- What you need to do: Each line of the data must reappear exactly in your answer, with no images included.

- Supplied information:
*** Block opens ***

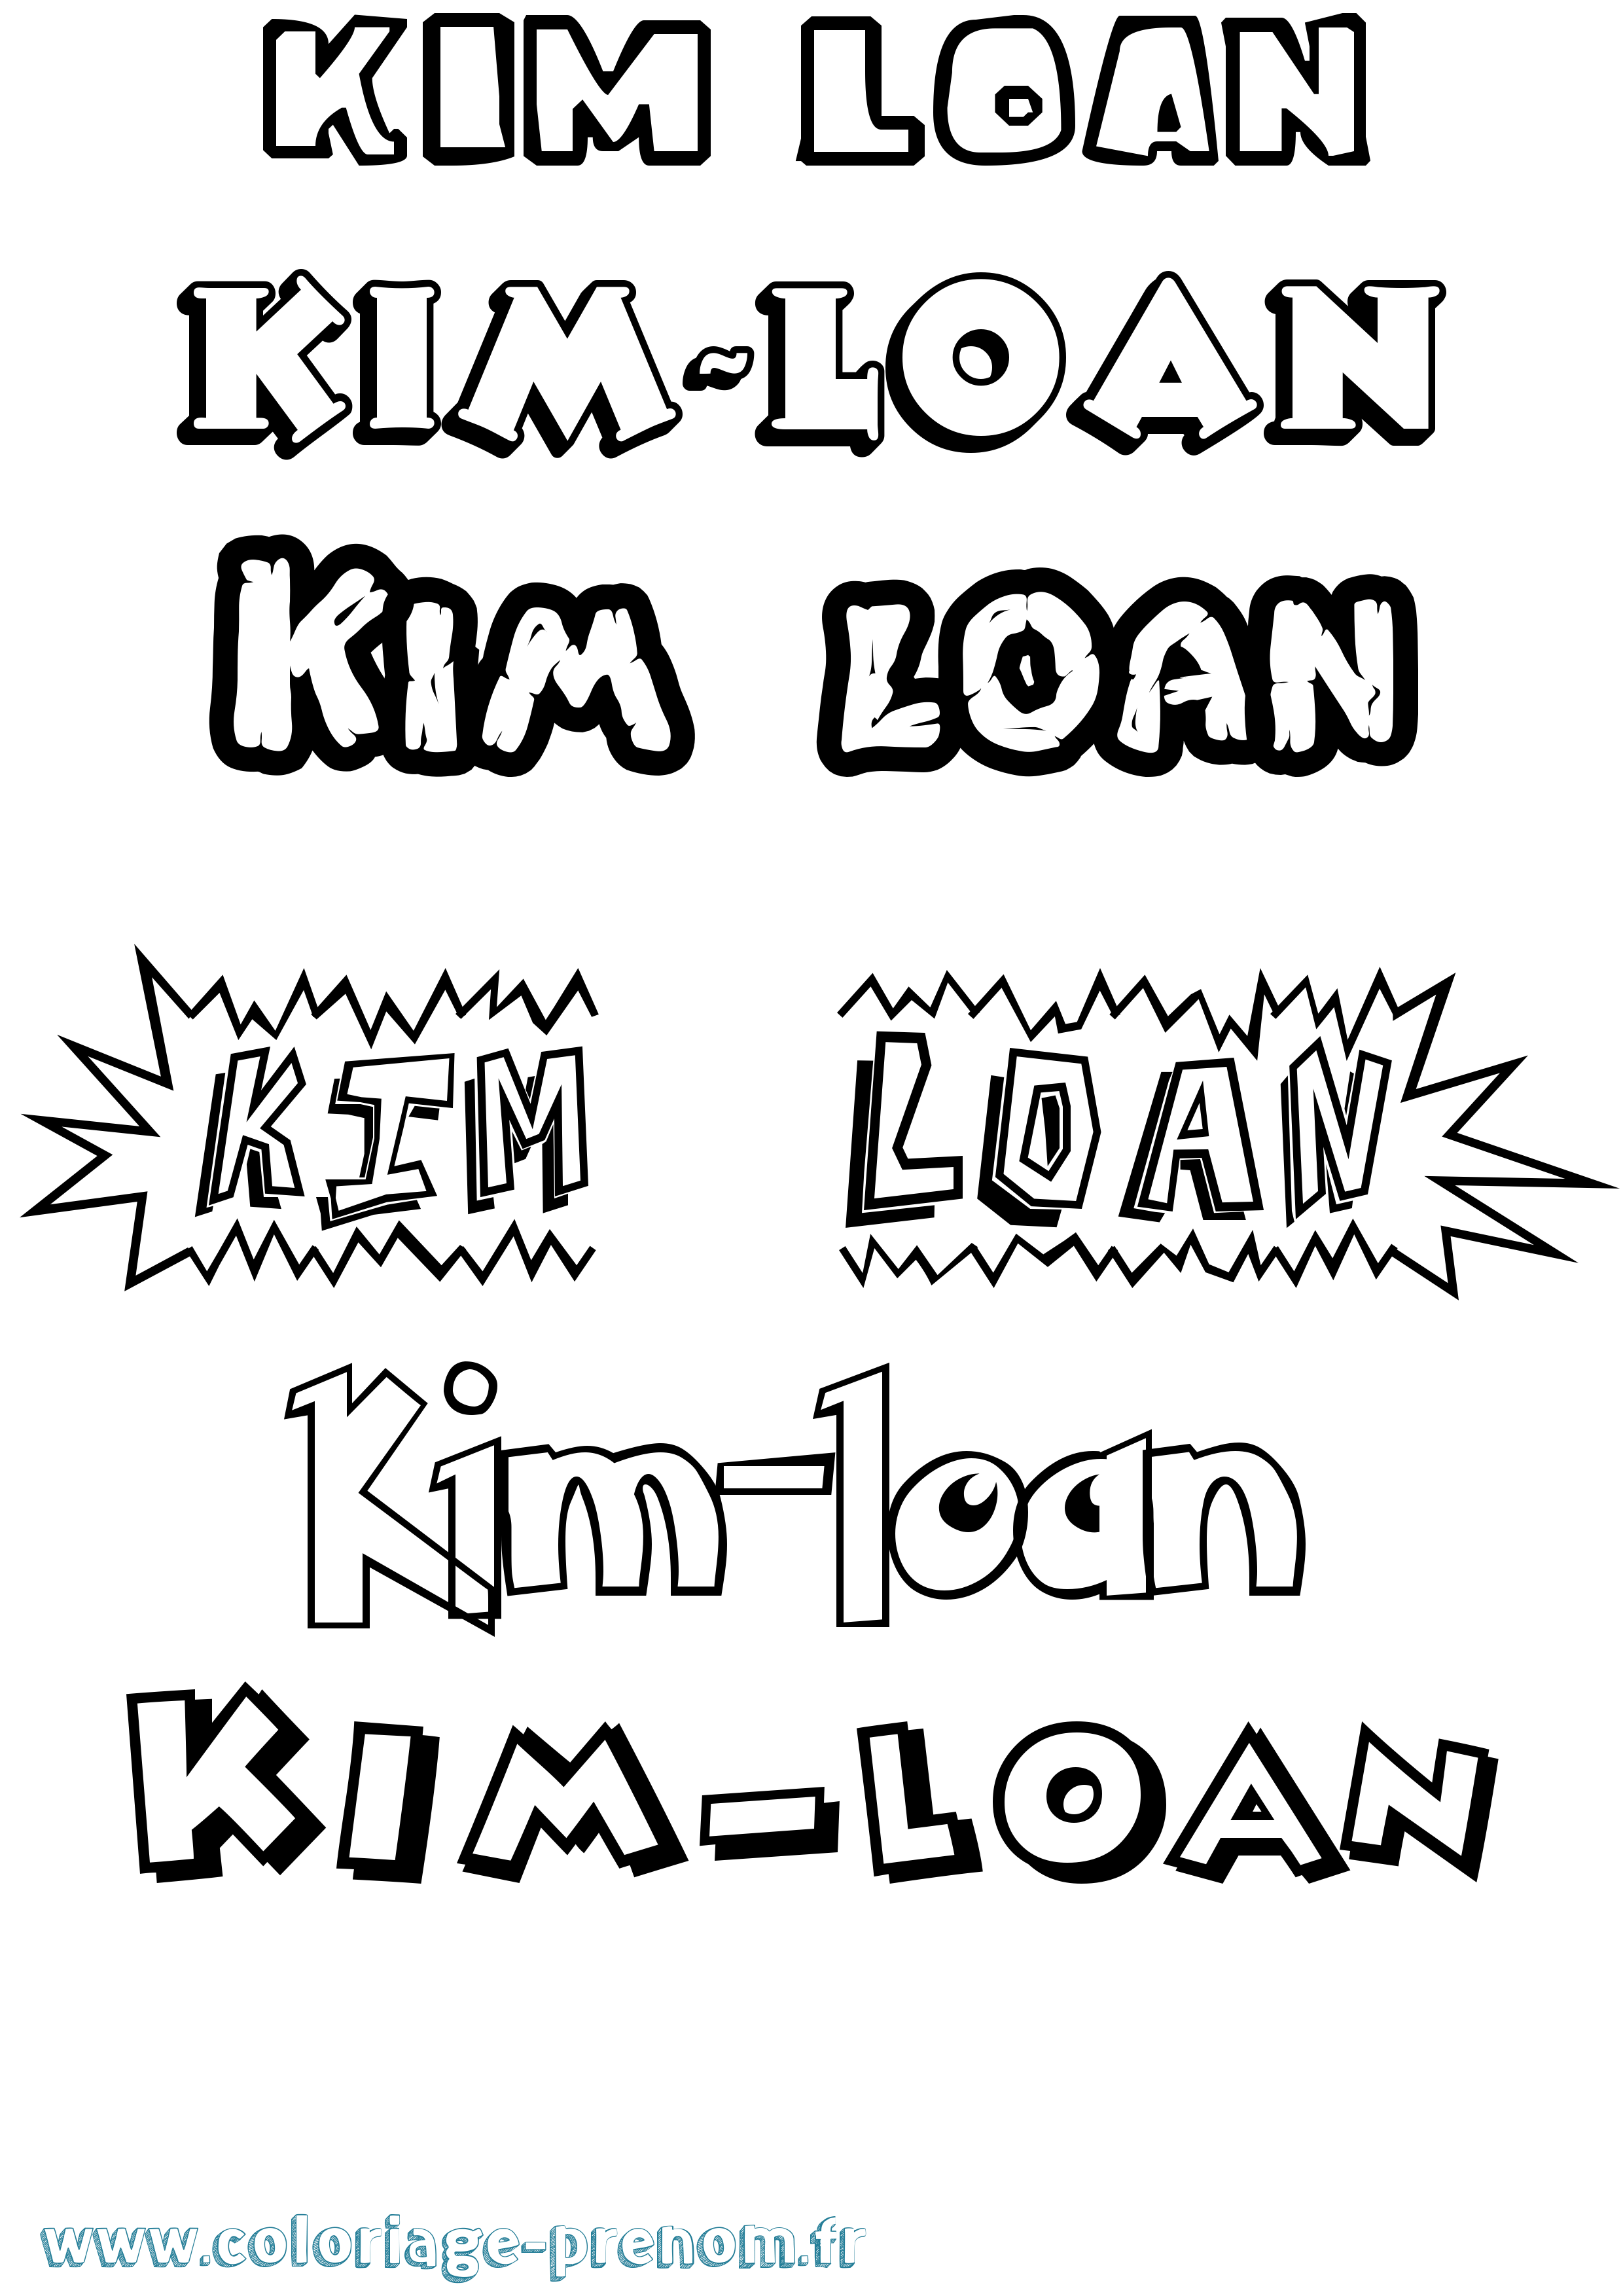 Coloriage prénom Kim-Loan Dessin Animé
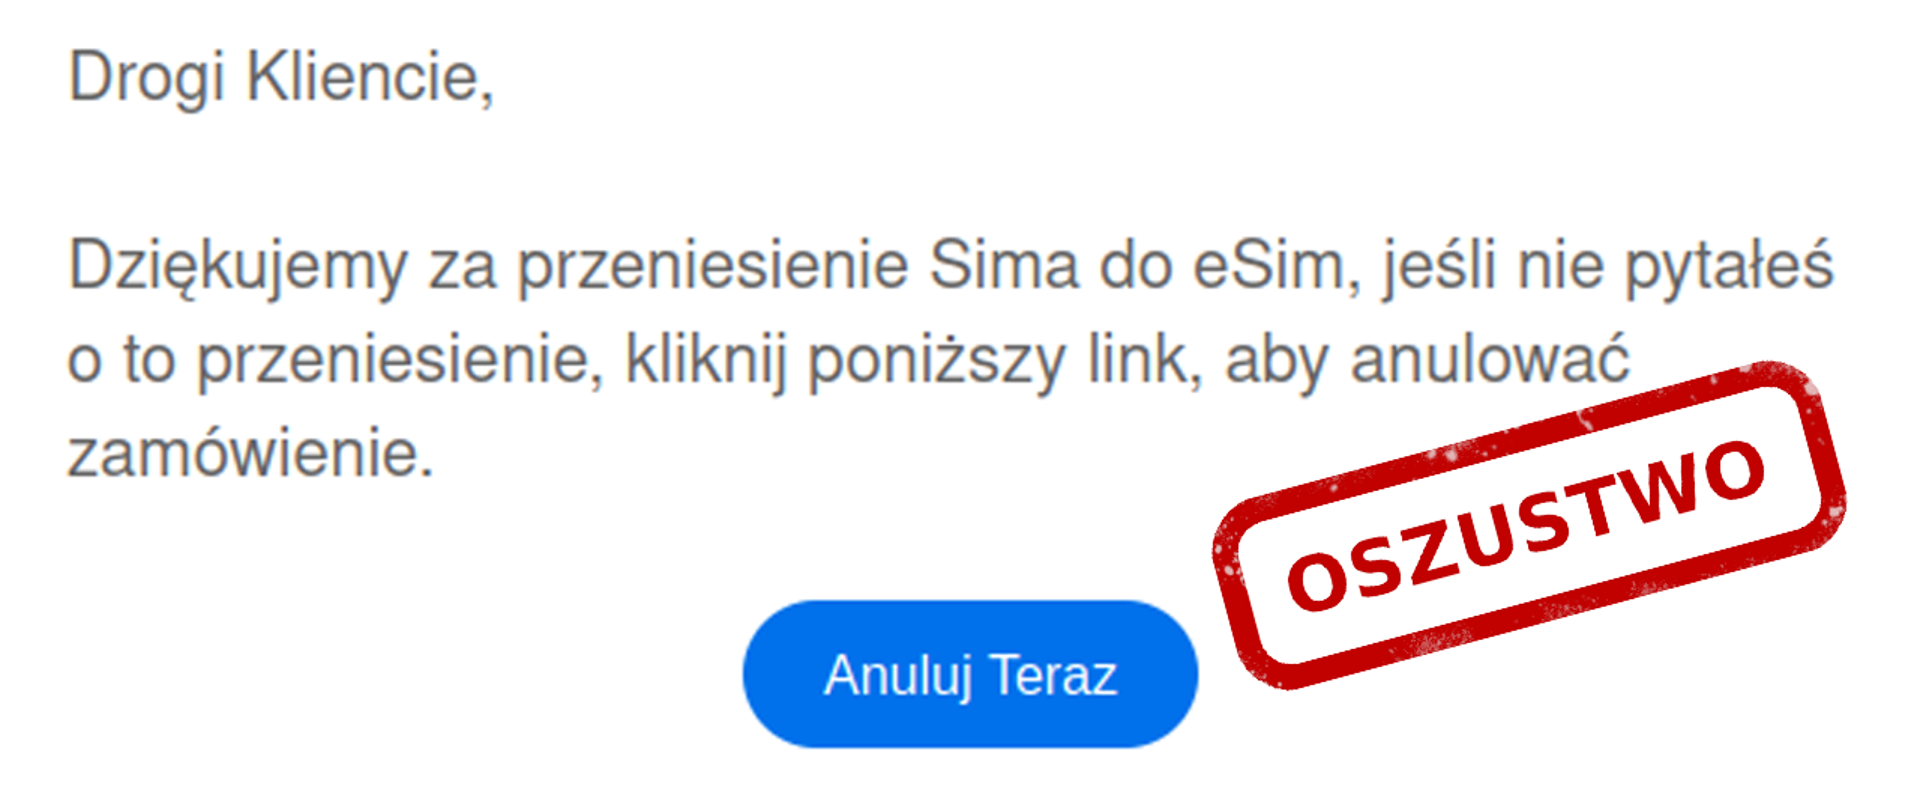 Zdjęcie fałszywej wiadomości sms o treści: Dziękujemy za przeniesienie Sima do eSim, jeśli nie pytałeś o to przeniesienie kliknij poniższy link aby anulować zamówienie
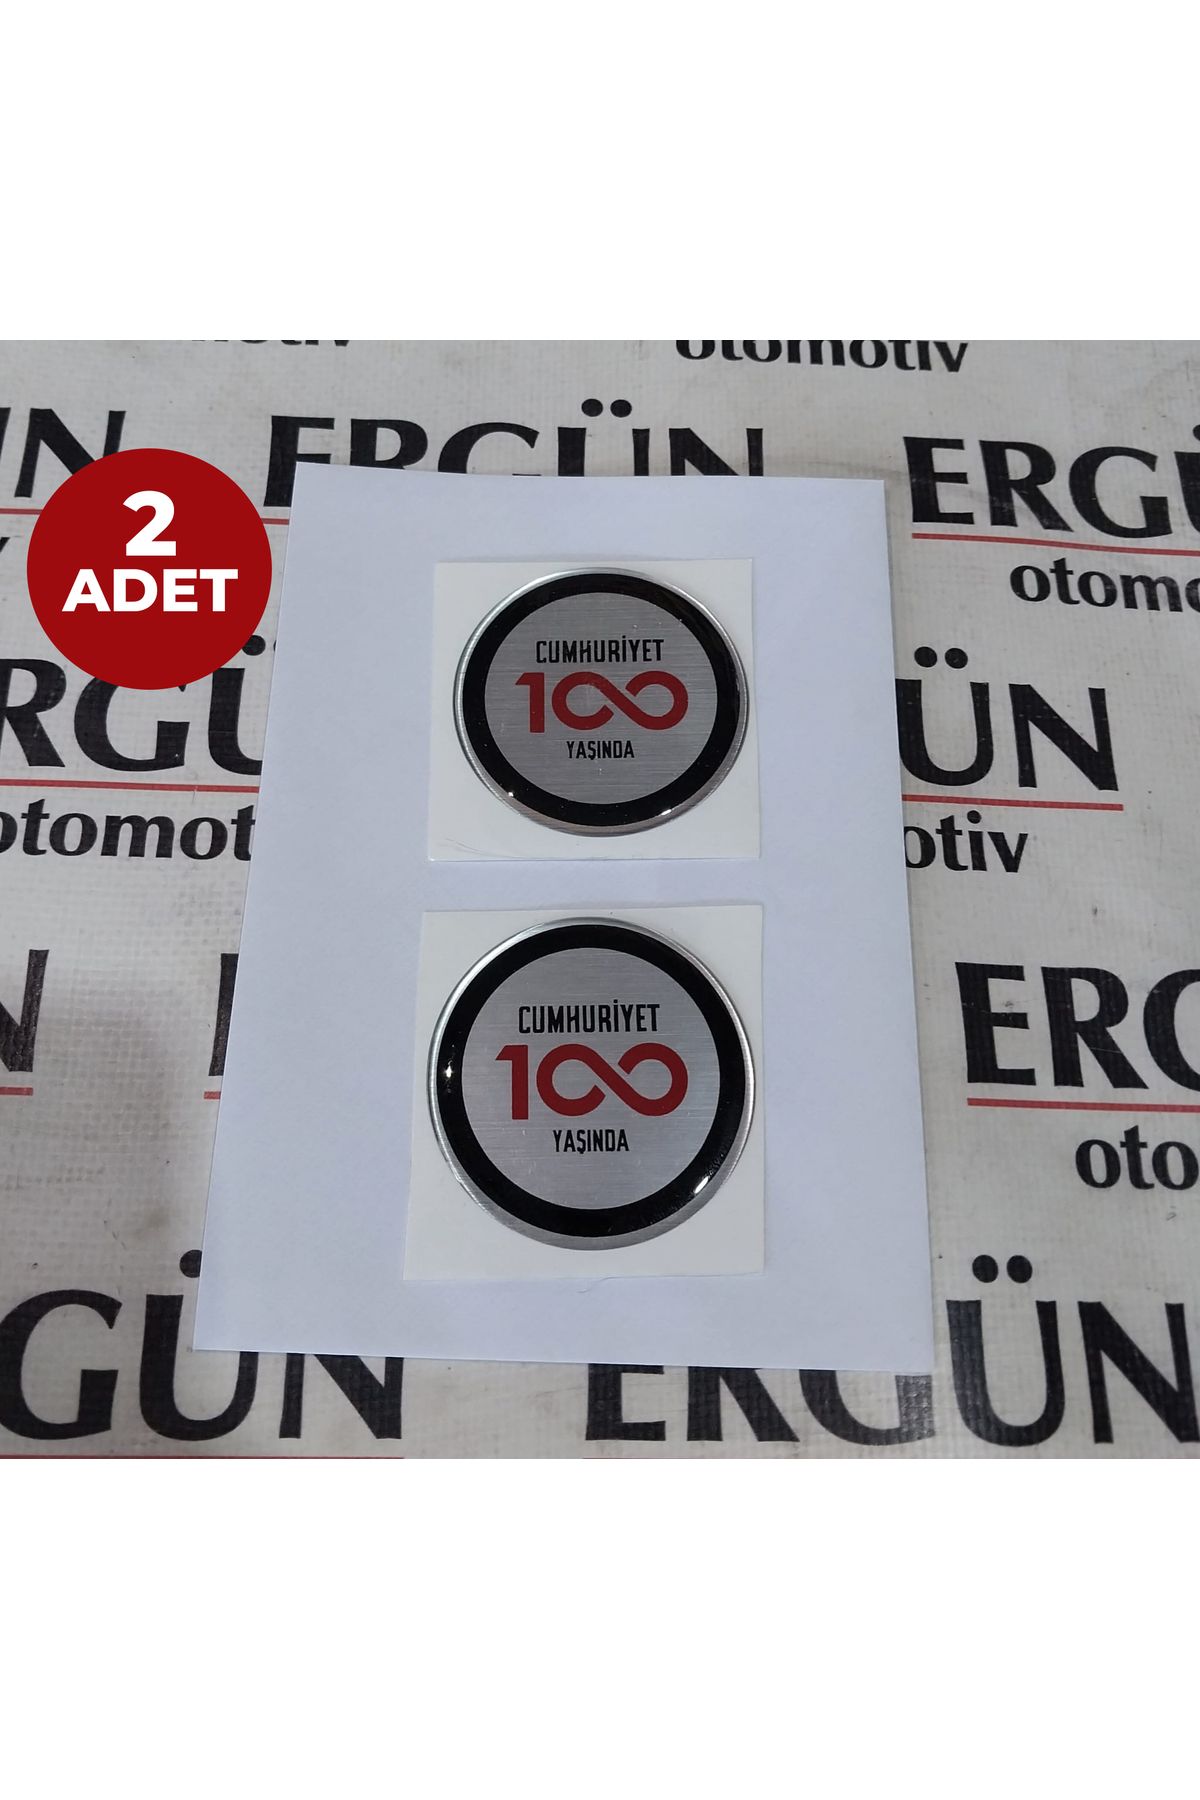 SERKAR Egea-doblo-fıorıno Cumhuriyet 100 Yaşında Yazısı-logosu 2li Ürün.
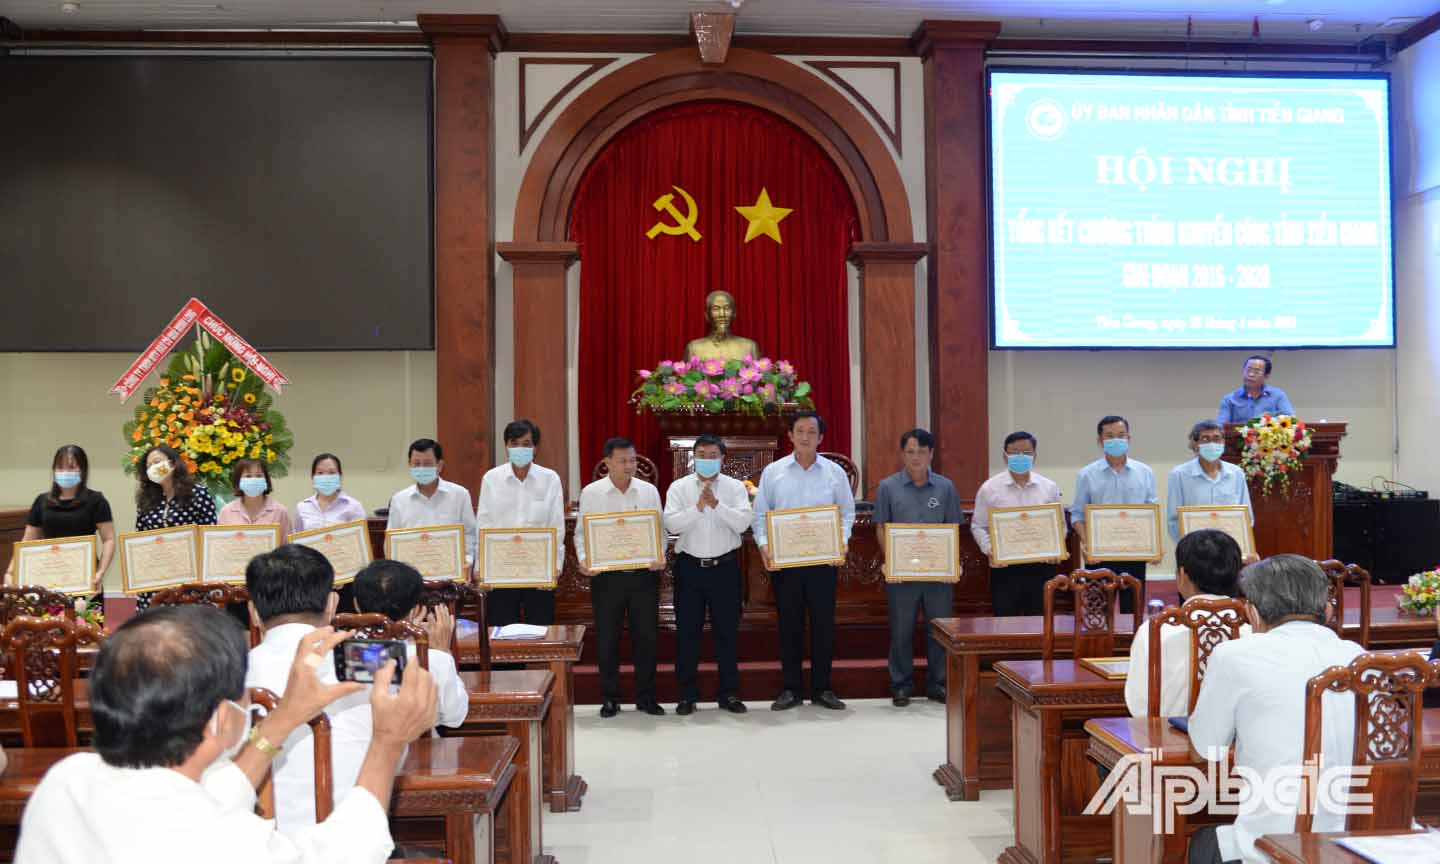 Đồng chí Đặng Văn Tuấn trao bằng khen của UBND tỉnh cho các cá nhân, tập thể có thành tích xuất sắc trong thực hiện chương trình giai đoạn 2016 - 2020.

*** Block closes ***

- Solution to the problem:
 Coloriage prénom Kim-Loan Dessin Animé
 Zdjęcie fałszywej wiadomości sms o treści: Dziękujemy za przeniesienie Sima do eSim, jeśli nie pytałeś o to przeniesienie kliknij poniższy link aby anulować zamówienie
 SERKAR Egea-doblo-fıorıno Cumhuriyet 100 Yaşında Yazısı-logosu 2li Ürün.
 Đồng chí Đặng Văn Tuấn trao bằng khen của UBND tỉnh cho các cá nhân, tập thể có thành tích xuất sắc trong thực hiện chương trình giai đoạn 2016 - 2020.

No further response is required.